I won`t mention the bands name but a few days ago I saw a band and one fellow wasn`t playing an instrument and he didn`t sing....He whistled when it came time to take a break in the middle of the song (s)....Now is that bluegrass?   To some of you the answer is YES.....

     Willie

----------


## allenhopkins

> ....Now is that bluegrass?...


Can't say.  What was the rest of the band like?  Did they have acoustic guitar, five-string finger-picked banjo, mandolin etc.?  Did they play songs/tunes from the bluegrass repertoire?  Did they sing good tight harmony, put on a decent show, relate well to their audience?  Did they *claim* to be a bluegrass band?

I might not enjoy a band with a "designated whistler," might even say that "whistlin's no part of nothin'," might get up and walk out, go to the beer tent (assuming there _was_ a beer tent).  Or I might recall that Dock Walsh's Carolina Tar Heels, back in the 1920's, featured Garley Foster, who was called the "Human Bird" for his uncanny ability to imitate bird calls.  Most probably, I'd give 'em a listen, decide on the basis of musical quality and my personal taste whether I liked their sound, and if I did, buy a CD.

What I wouldn't try to do, is define them into or out of "bluegrass" as a style.  Had this argument before, of course, and stickin' to my guns: what I or anyone else does or doesn't like, is not the definition of a musical style.  I can say Banjo Boris and the Whistlepigs are horrid, dissonant, unmusical posers, but I can't say they aren't (or are) "bluegrass."

----------


## 300win

> Gwen Aumen's still around picking mandolin; didn't know she was affiliated with the Coon Creek Girls -- a band that goes back before WWII, and was revived as the *New* Coon Creek Girls around 1980 or so.
> 
> Here's a video with the original Coon Creek Girls, Lilly May Ledford on banjo, and the New Coon Creek Girls with Dale Ann Bradley, doing _How Many Biscuits Can You Eat?_ -- probably 40 years apart...

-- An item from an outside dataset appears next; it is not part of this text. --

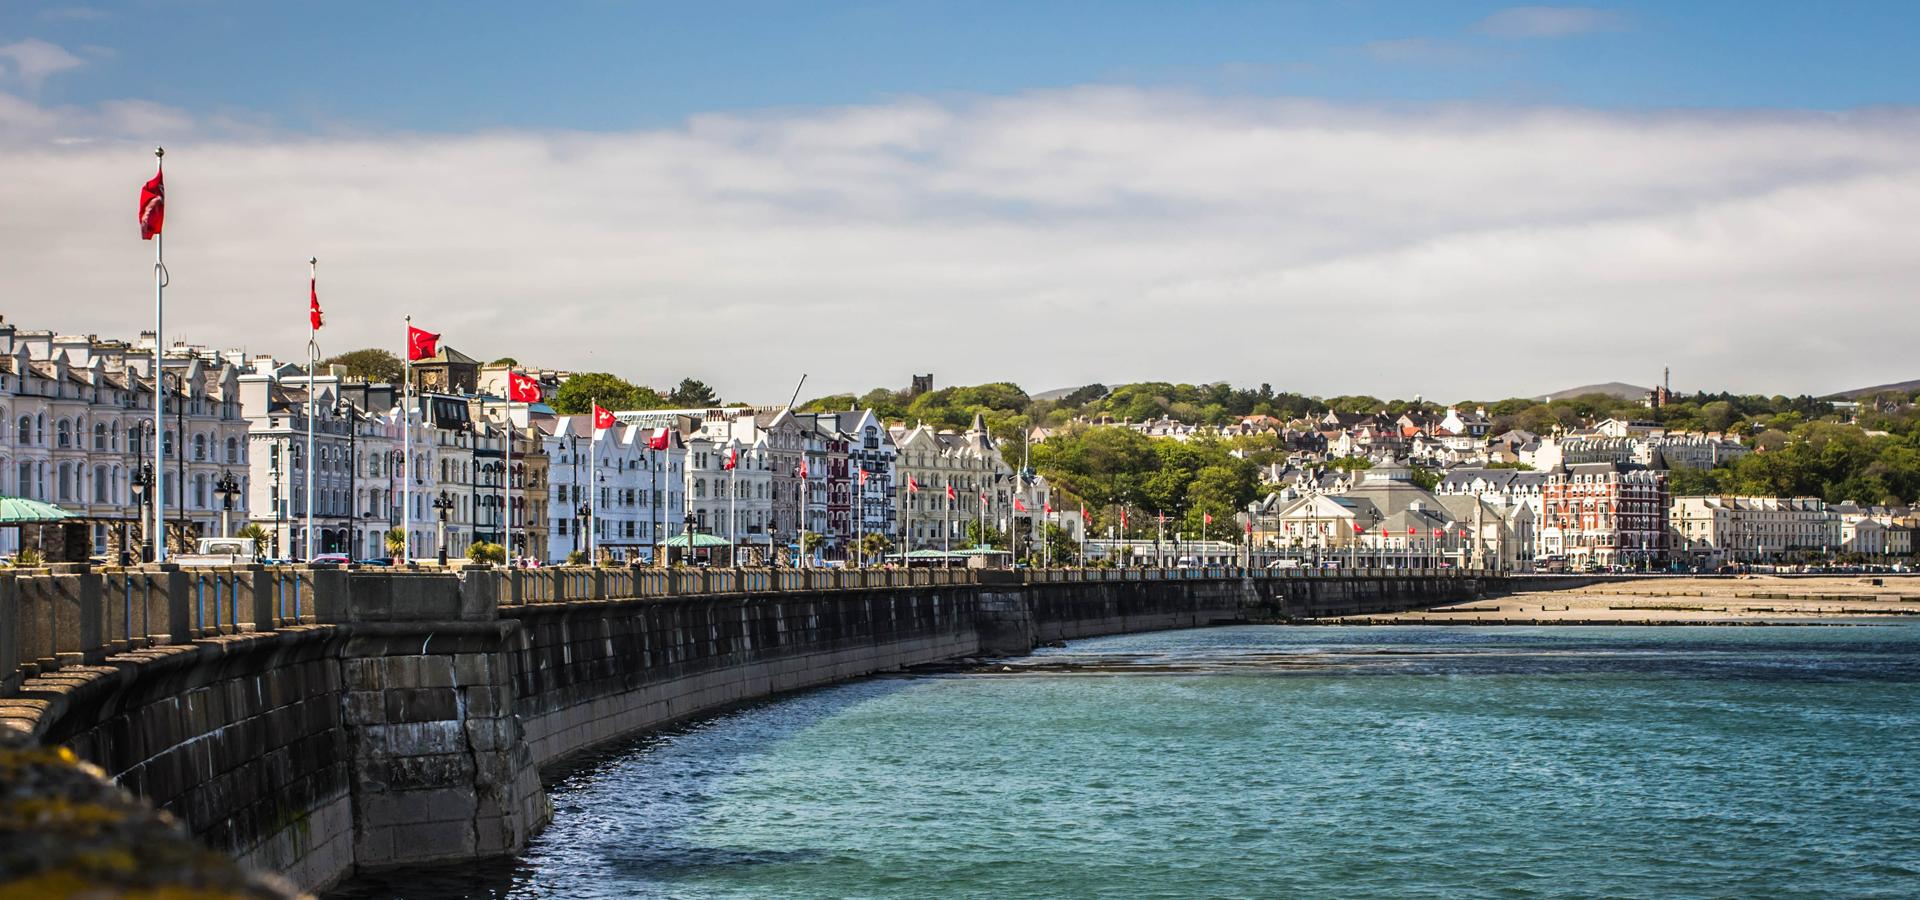 Peer-to-peer advisory in Isle of Man, Great Britain

Didn't say for "sure" they were called that. It was ______ ? Creek Girls, and my memory is not what ot used to be, and I'm trying to recall something back in 1970 '71 period, so I could be wrong. Where and who is Gwen picking with now ?

----------


## mandograss

> 


I like me some biscuits myself.

http://www.youtube.com/watch?v=qc_lIbwi_Uo

----------


## dogwood

ROTFLMAO!!!  You people are cracking me up!

....to add a little marketing flare, how bout the Noocoon Creek Girls?

----------


## dogwood

...and come to think of it, why can't anyone that plays also sing?  You already got the gall-dern sound in yer head!  Just spit it out!

----------


## smsuryan

Should just be thankful you have a good vocalist that you can get along with...i've never had luck either a. finding a vocalist thats nearly as good as they think they are ..or
b. finding one that doesn't want to come in and run the show with a band thats been together a long time....
just my experience, anyway...

----------


## JeffD

> ...and come to think of it, why can't anyone that plays also sing?  You already got the gall-dern sound in yer head!  Just spit it out!

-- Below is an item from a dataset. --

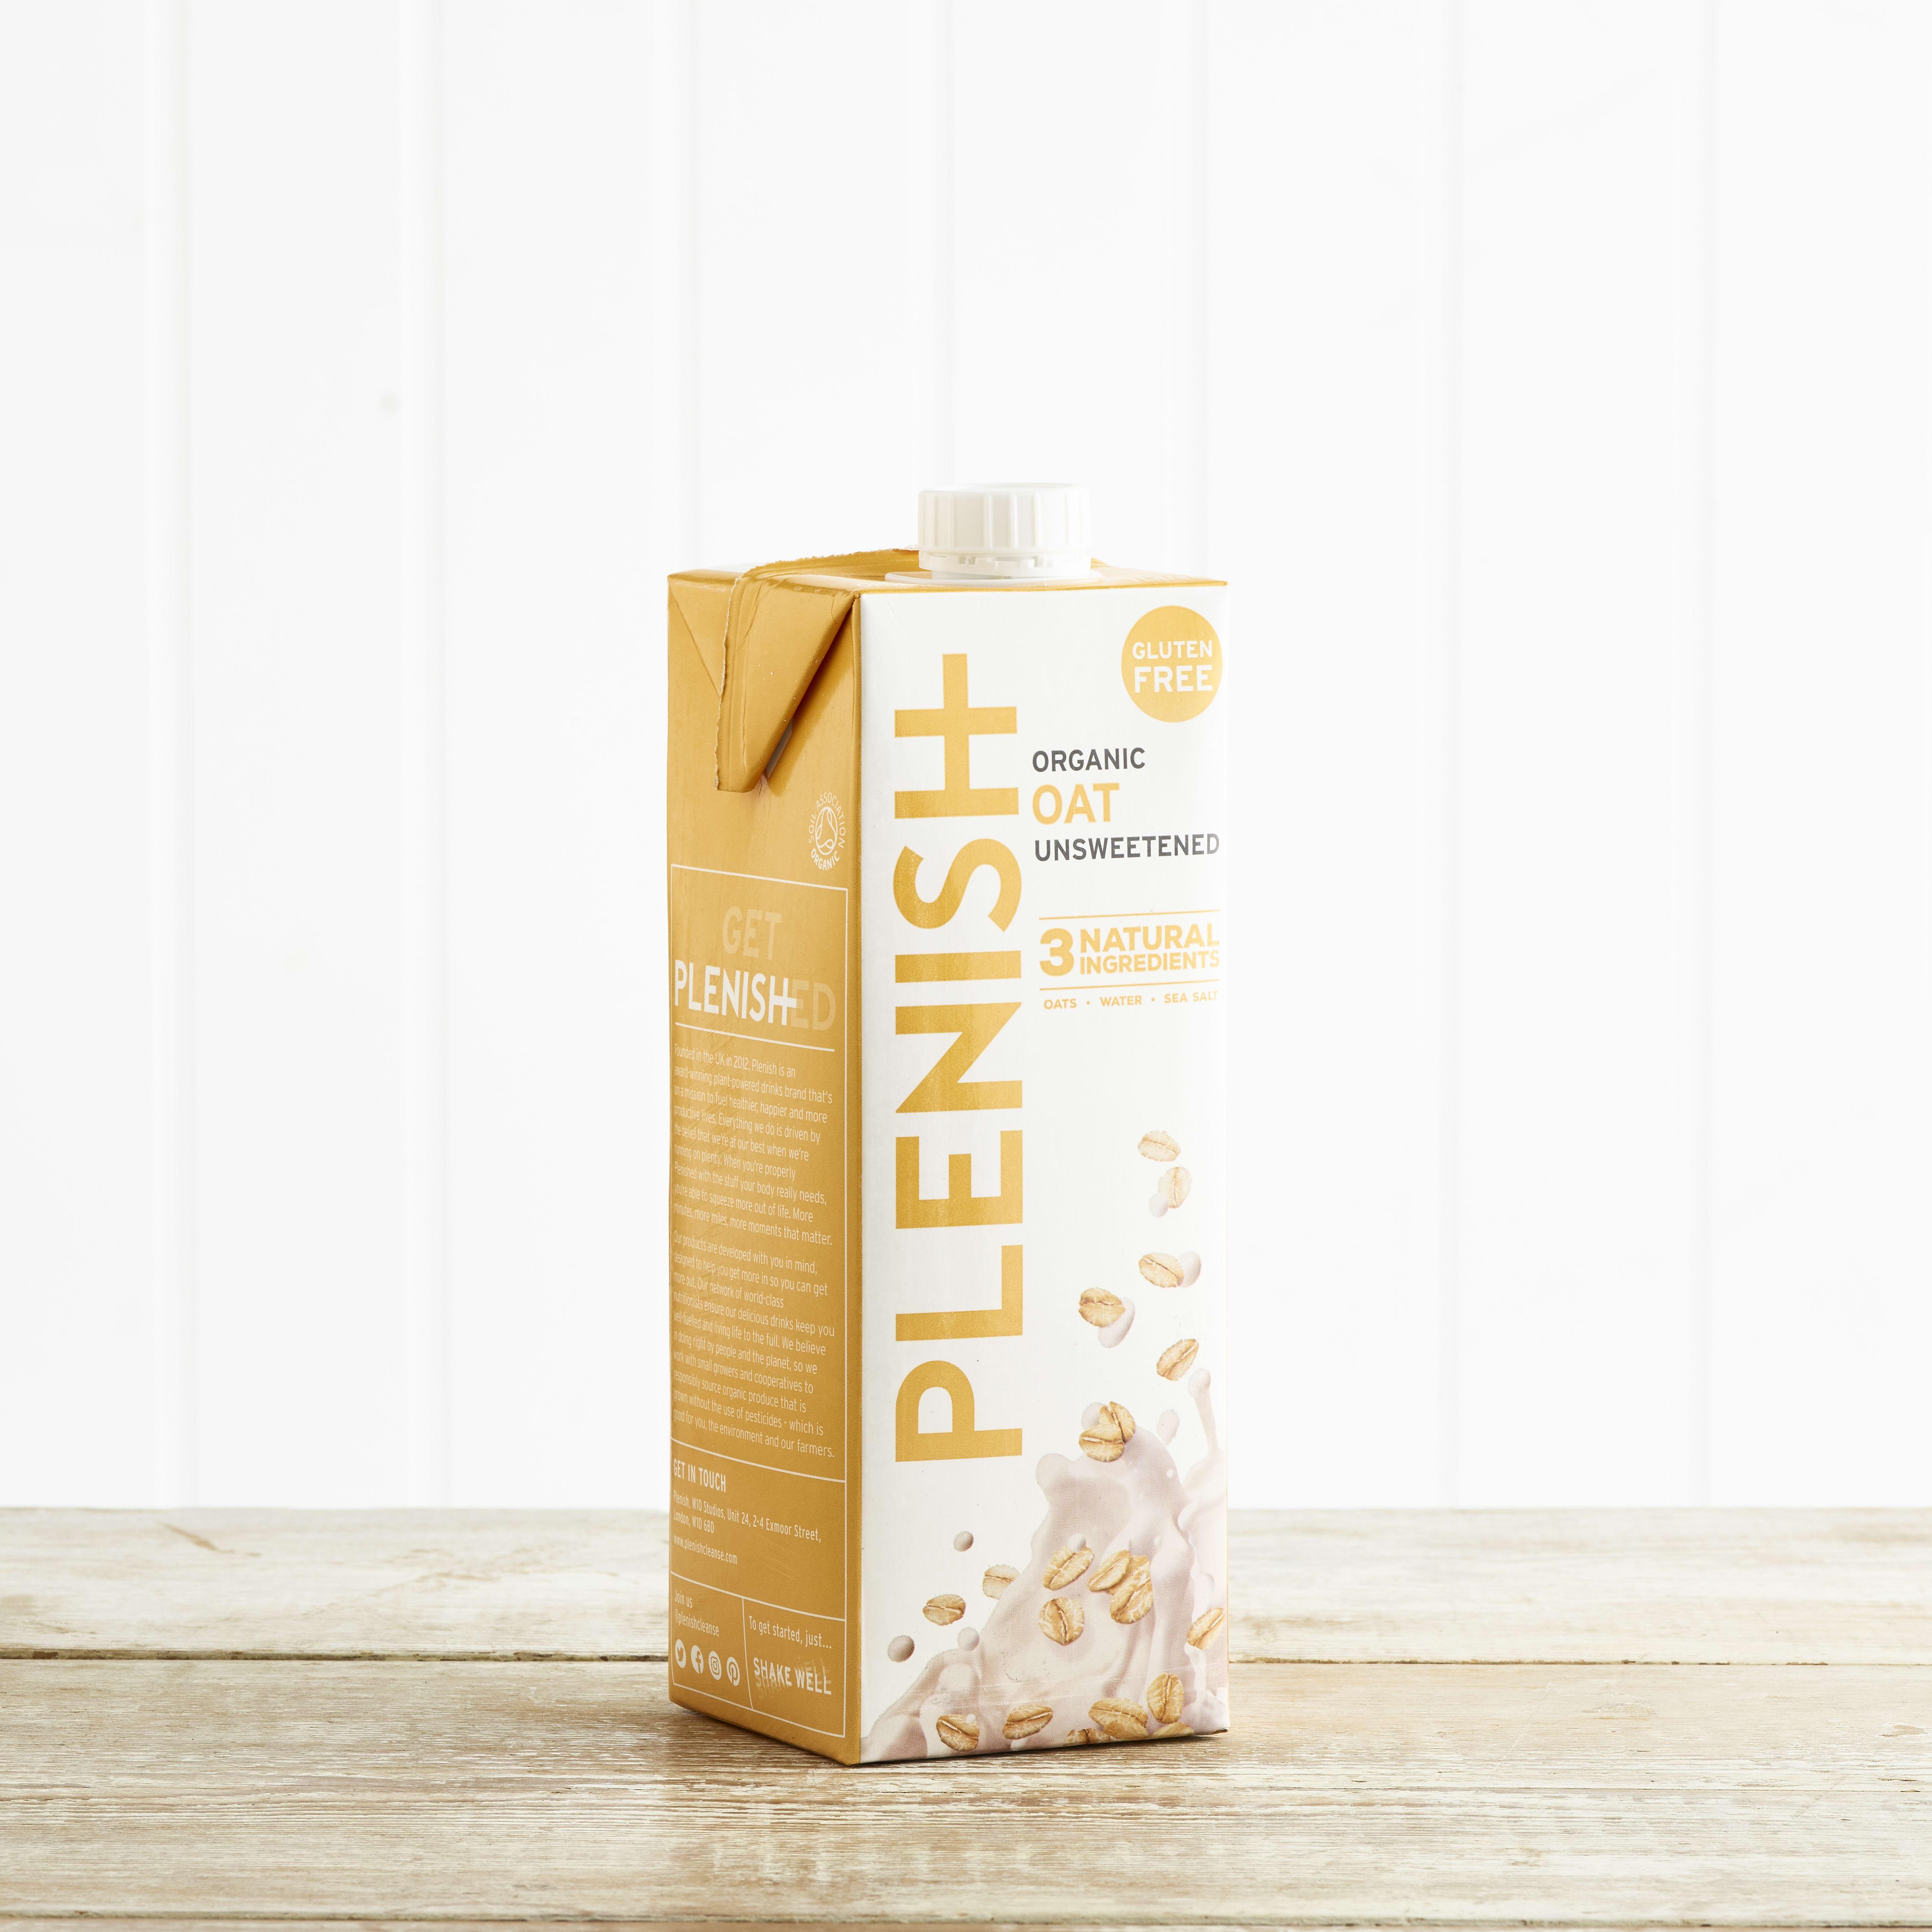 Plenish Organic Oat M*lk, 1L

Singing, and singing well, is a skill every bit as involved and requiring as much talent and training as playing in instrument.

Singing poorly is not welcome anywhere.

----------


## journeybear

This is something that used to get discussed among my friends in the 60s (maybe it was a teenager thing) - were the groups that had a dedicated lead singer better or worse than the ones that didn't? Were people like Mick Jagger, Jim Morrison, Eric Burdon, John Kay, and so forth really pulling their own weight. Were The Doors really a three piece band with a singer? I think time has told the tale on these issues, as at least the first two and to some extent the second two have come to be recognized as emblematic performers who helped define the 60s. Somehow I don't recall this issue being raised about Janis Joplin or Grace Slick, or her Jefferson Airplane bandmate Marty Balin for that matter.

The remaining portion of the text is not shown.